Justice Earl Warren, writing for the McGowan majority, wrote, “the State seeks to set one day apart from all others as a day of rest, repose, recreation, and tranquility – a day which all members of the family and community have the opportunity to spend and enjoy together, a day on which there exists relative quiet and disassociation from the everyday intensity of commercial activities, a day on which people may visit friends and relatives who are not available during working days.”

He then wrote, “It would seem unrealistic for enforcement purposes and perhaps detrimental to the general welfare to require a State to choose a common day of rest other than that which most persons would select of their own accord. For these reasons, we hold that the Maryland statutes are not laws respecting an establishment of religion.”

Using the Levers of the State

Writing for the conservative National Review, “Some Notes of Caution about Reviving Blue Laws,” on January 18, Tal Fortgang, a Jewish community member, expressed his concerns while noting the value of weekly rest. He described the differences in religious faiths that worship on Saturday instead of Sunday and recommended that persuasion rather than force was the way to bring about a day of rest, “[W]e can all demonstrate the value of Sabbath observance, of church attendance, of living lives that, in the aggregate, would make our society much healthier. We do so by engaging with the culture even when it is hostile, showing that adherents to a traditional moral code are unlikely to suffer those modern plagues of alienation and aimlessness.

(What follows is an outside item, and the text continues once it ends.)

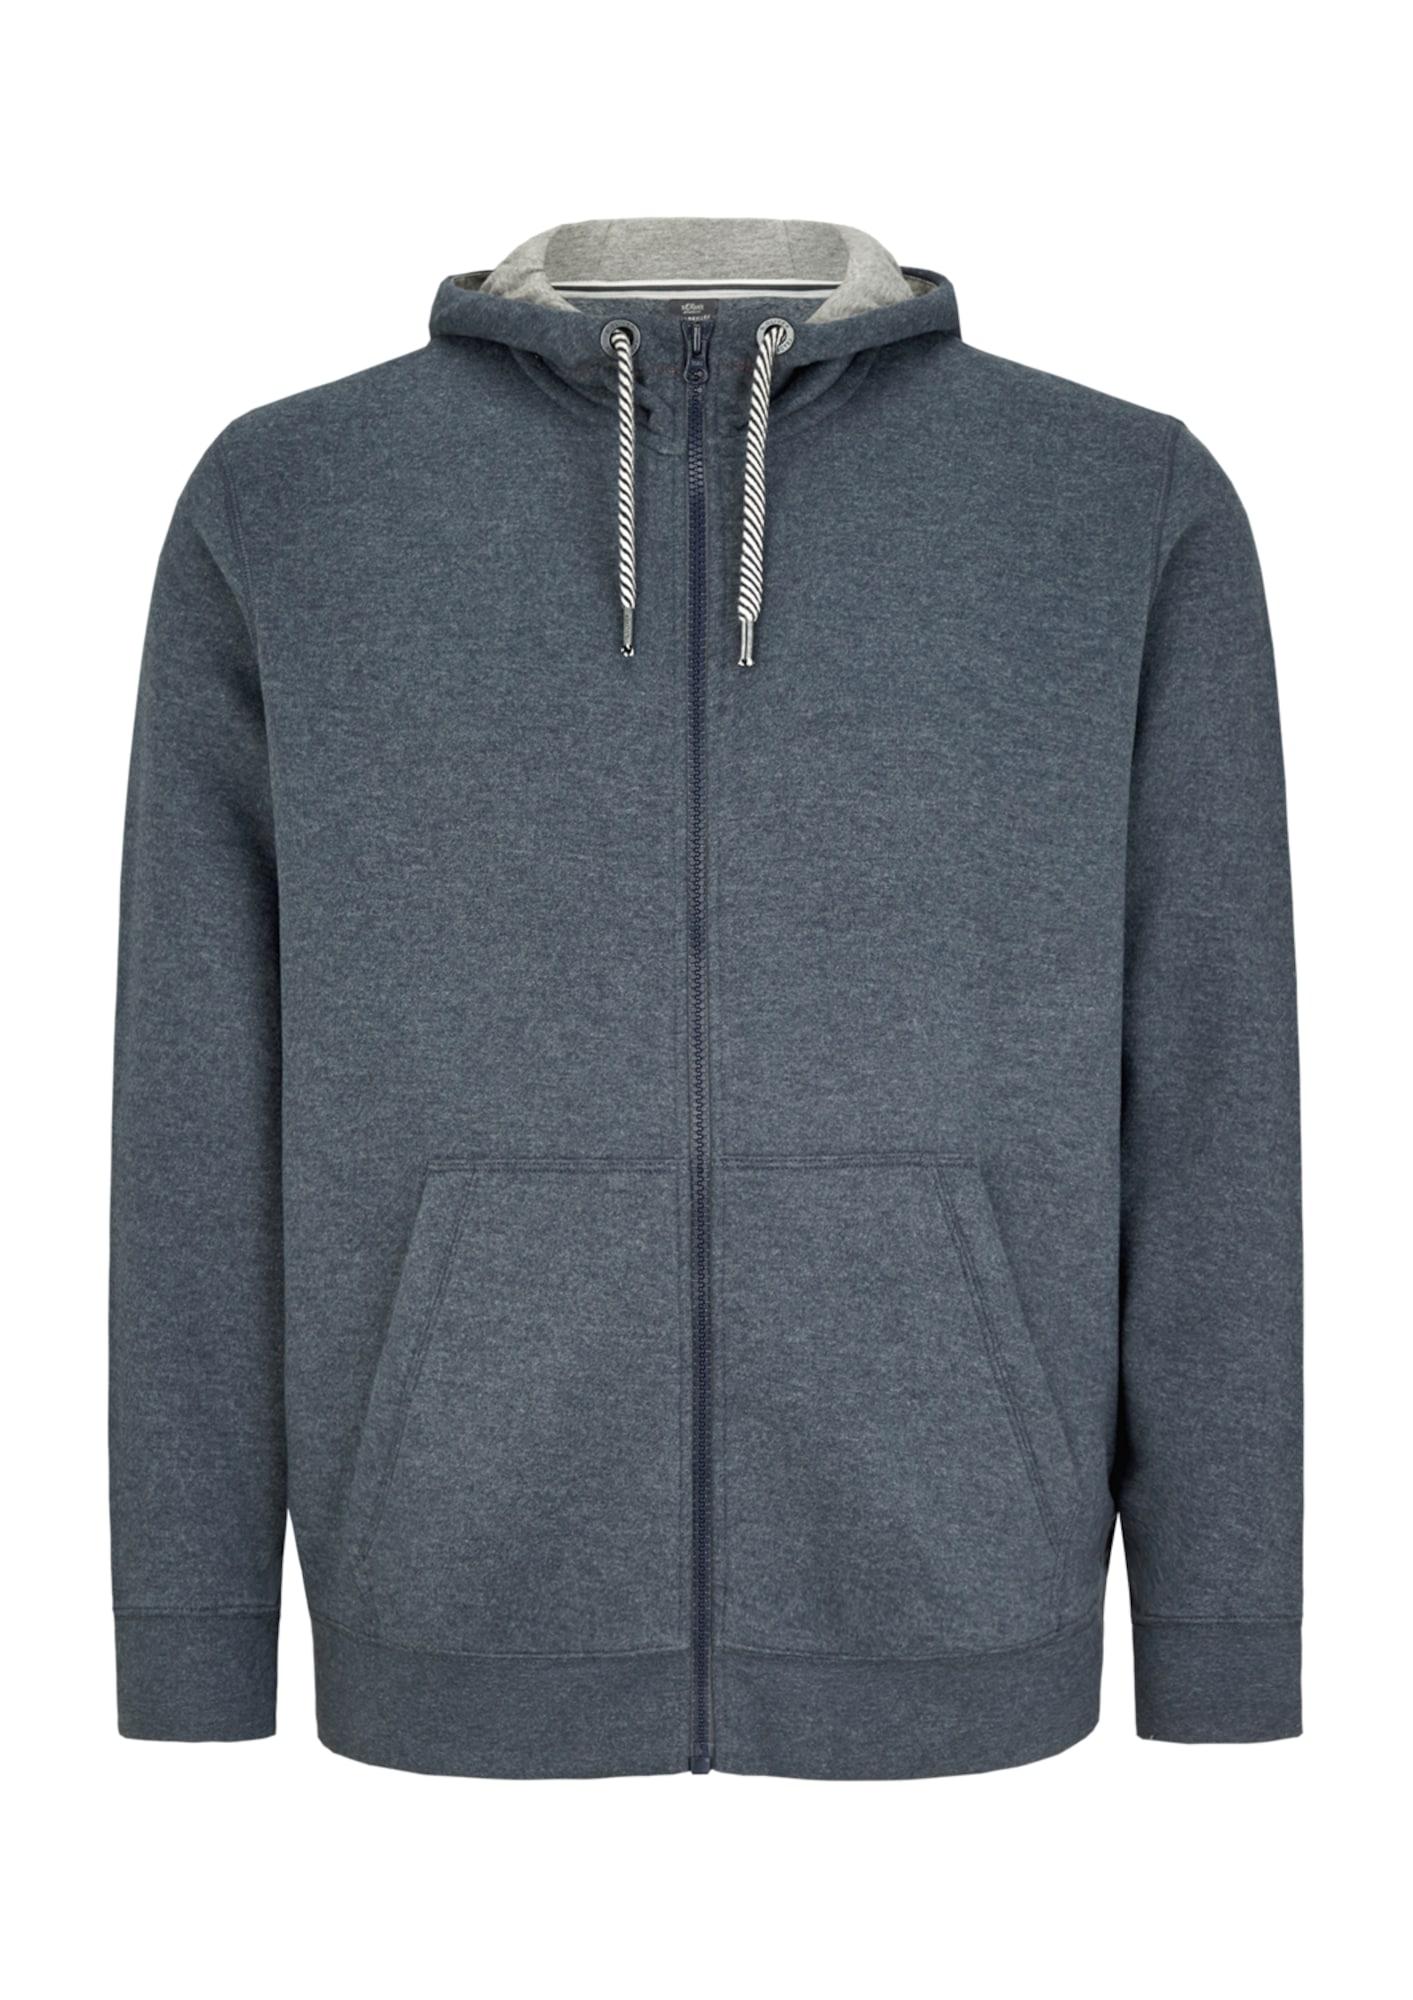 Sweatjacke | Bekleidung > Sweatshirts & -jacken > Sweatjacken | Blau | S.Oliver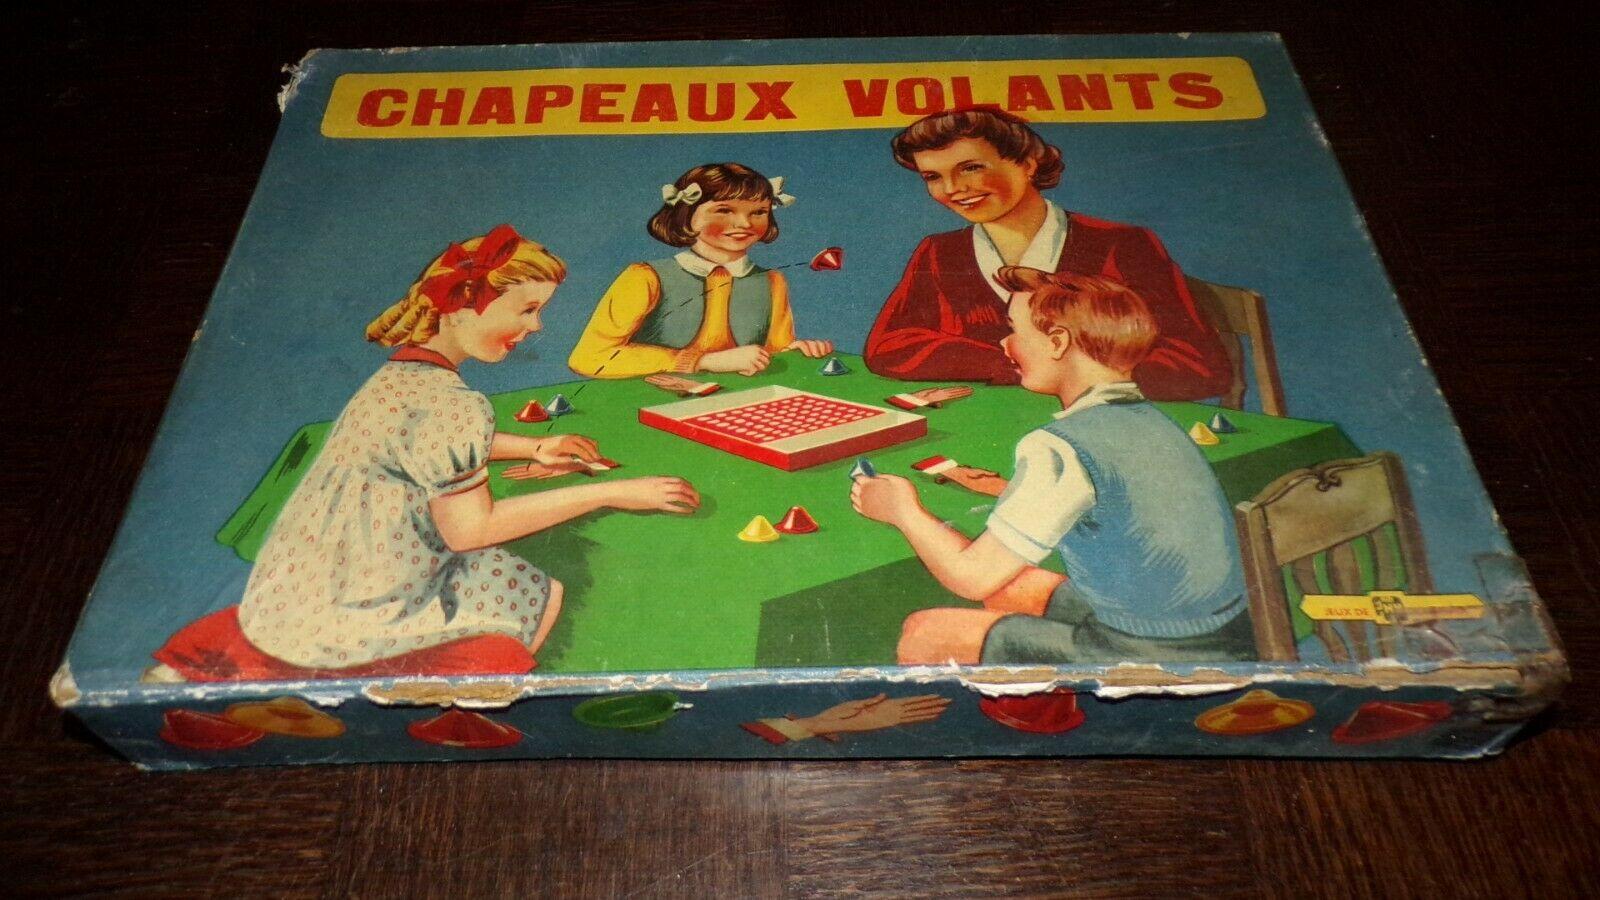 Marque De Mode Pas Cher Jouets Et Jeux Jouet / Jeu avec Jeu Des Chapeaux

Once we have primed the culture, then we can think about using the levers of the state.” (Emphasis added.)

Steven Greenhut, writing in the Orange County Register on January 20 in a piece titled, “Modern Pharisees think government creates virtue,” notes some pitfalls of blue laws, which can create an underground economy. “Instead of promoting virtue, they become a means by which special interests – such as small businesses and beer distributors – abuse the legislative process to limit competition.” He writes, “Mandating that businesses close Sunday won’t do anything other than reduce jobs and give the rest of us fewer opportunities to go shopping and live our lives as we choose.”

While existing blue laws that specifically prohibit things like Sunday hunting may be disappearing from the books, there is a movement afoot to reintroduce the concept of a standard mandatory day of rest in ways that appeal to people across the political divide. The idea of using mandates to achieve goals for “the common good” has been seeing a resurgence in recent months.

Modern approaches to blue laws are couched in secular terms and appear neutral on their face, yet they harken back to a religious tradition that has persisted in the West longer than it has been absent. Students of history would do well to recognize this trend and remember what happened to dissenters from mandatory Sunday rest in the past.